- TASK OBJECTIVE
Repeat word for word the lines from the one containing "adidas neo cloudfoam footbed" to the end of the material below, and leave all pictures out.

- DATA EXCERPT
——

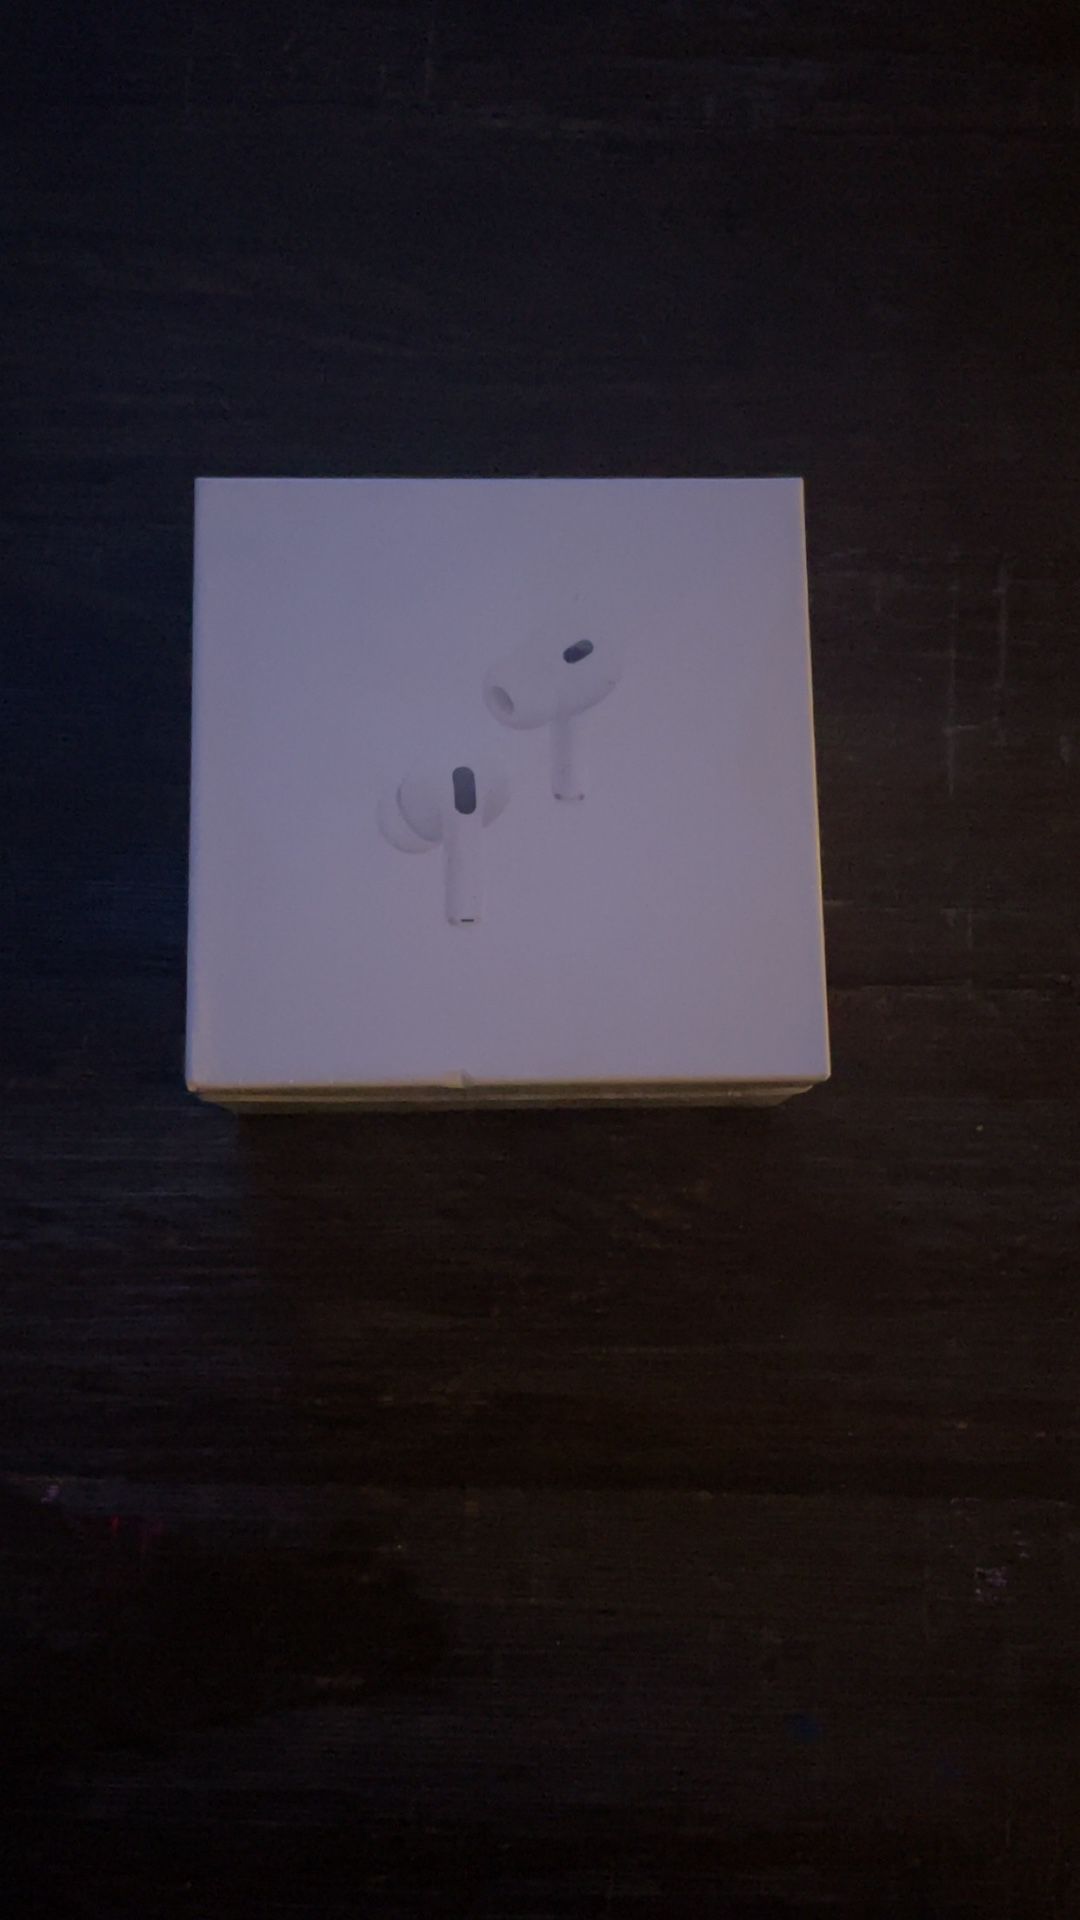 Second Generation (Earbuds)
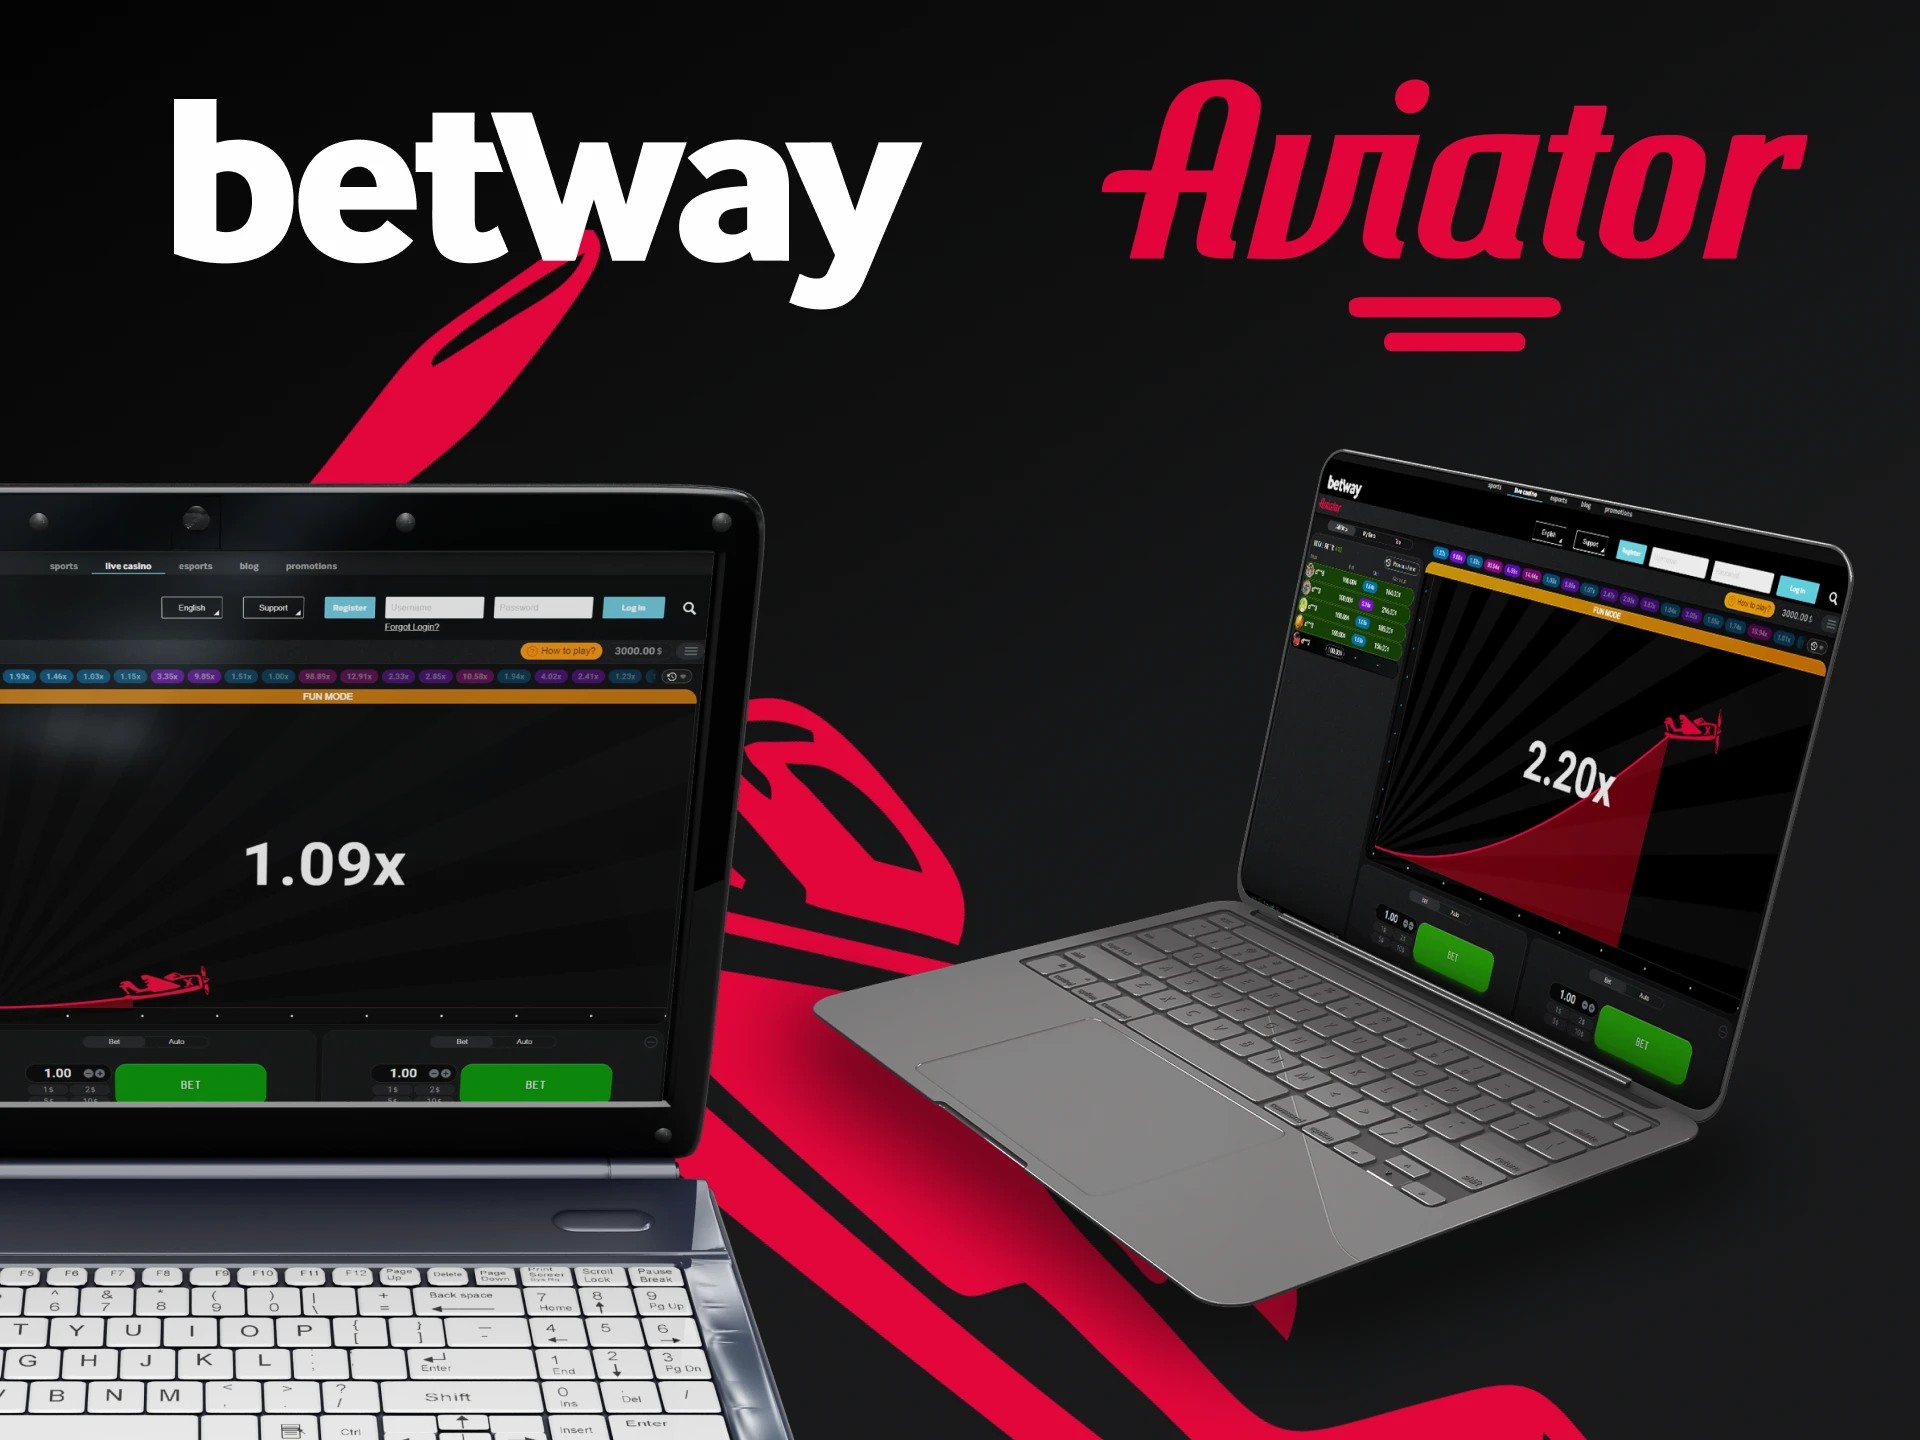 Find out on which device it will be convenient for you to play Aviator from Betway.
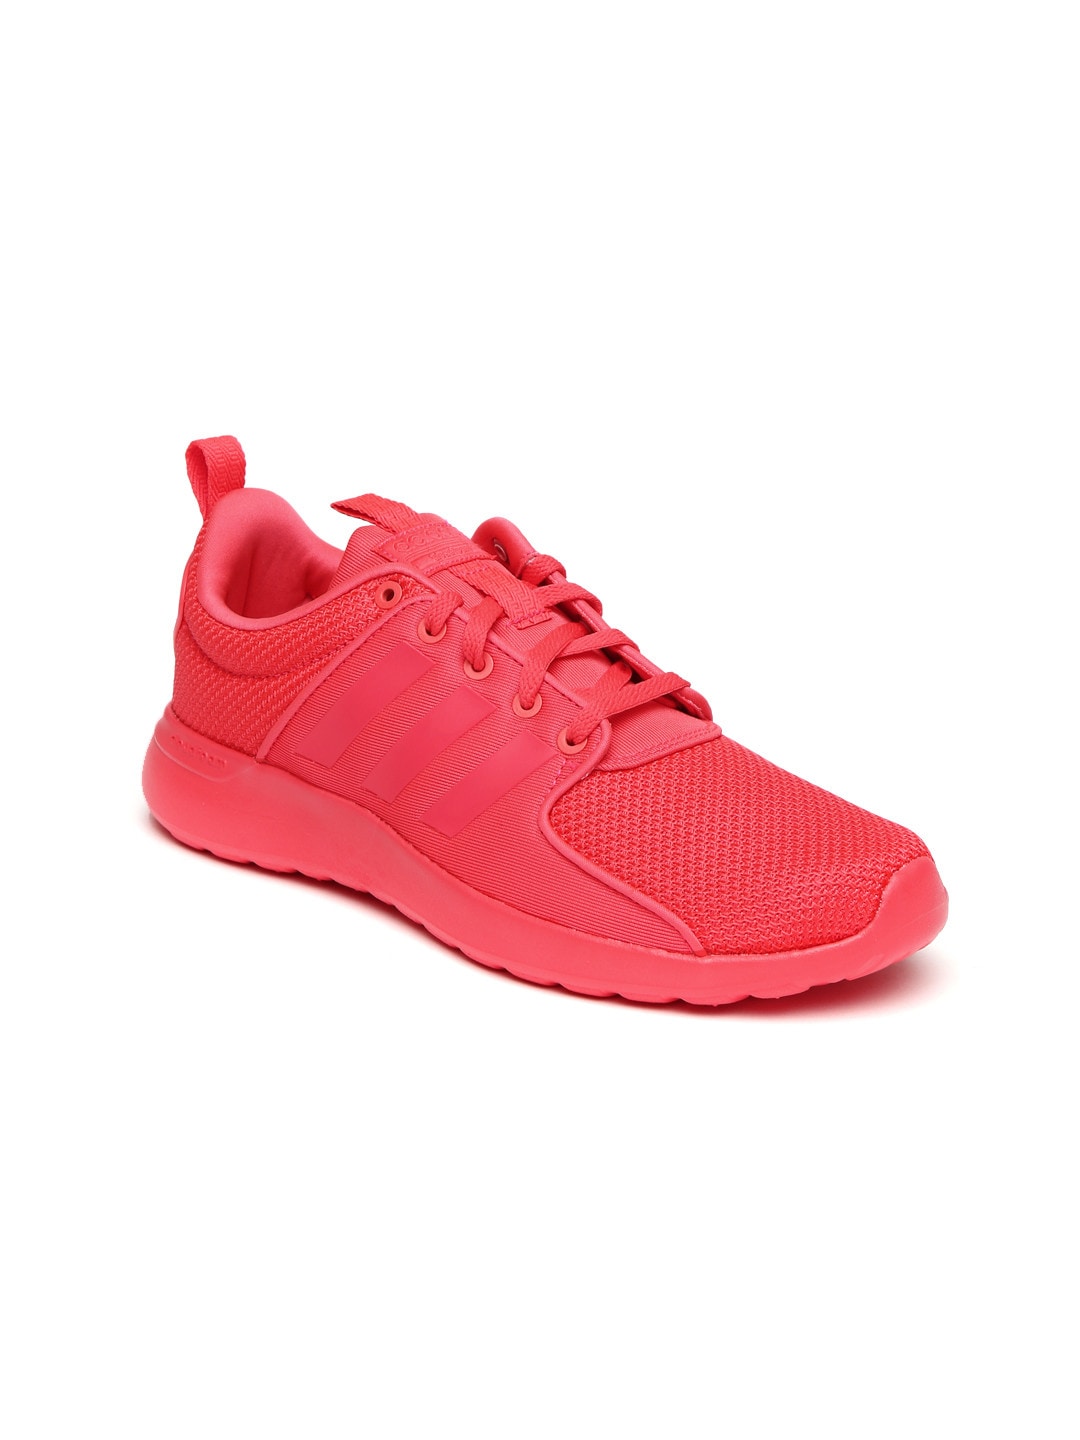 adidas neo cloudfoam footbed
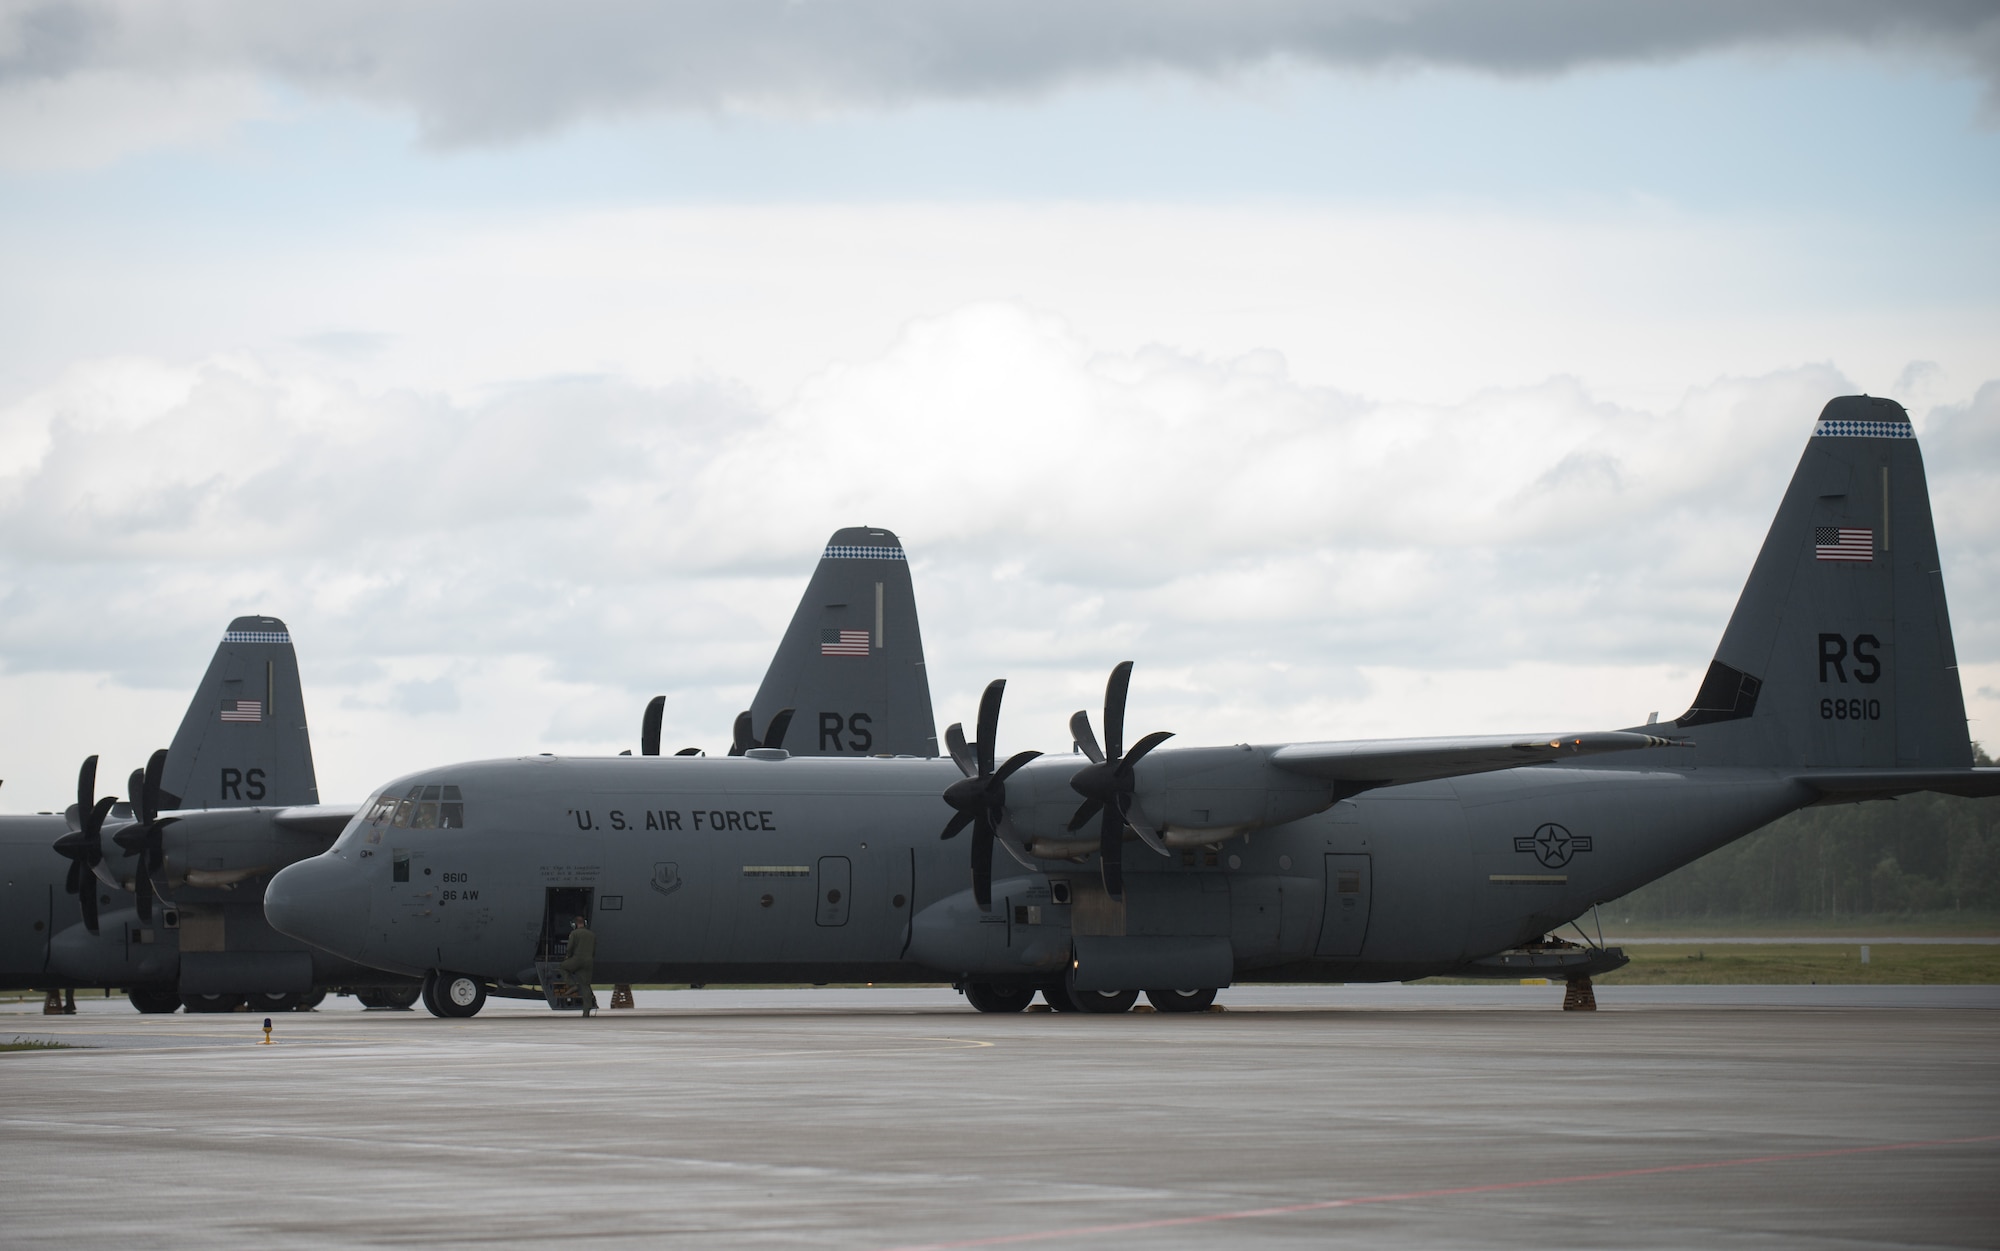 Three C-130 J-models are about to be unloaded at Lielvarde Air Base, Latvia, June 17, 2014 in part of the exercise Saber Strike 2014. In total, three 37th AS airframes landed on Lielvarde, making them the first ever U.S. Air Force aircraft to land on the runway. The 37th AS aircraft brought approximately 92 Airmen from the 435th Contingency Response Group and equipment needed to build a bare base during the Air Force-specific training. (U.S. Air Force photo/Senior Airman Jonathan Stefanko)

——

- YOUR RESPONSE
 adidas neo cloudfoam footbed
 Three C-130 J-models are about to be unloaded at Lielvarde Air Base, Latvia, June 17, 2014 in part of the exercise Saber Strike 2014. In total, three 37th AS airframes landed on Lielvarde, making them the first ever U.S. Air Force aircraft to land on the runway. The 37th AS aircraft brought approximately 92 Airmen from the 435th Contingency Response Group and equipment needed to build a bare base during the Air Force-specific training. (U.S. Air Force photo/Senior Airman Jonathan Stefanko)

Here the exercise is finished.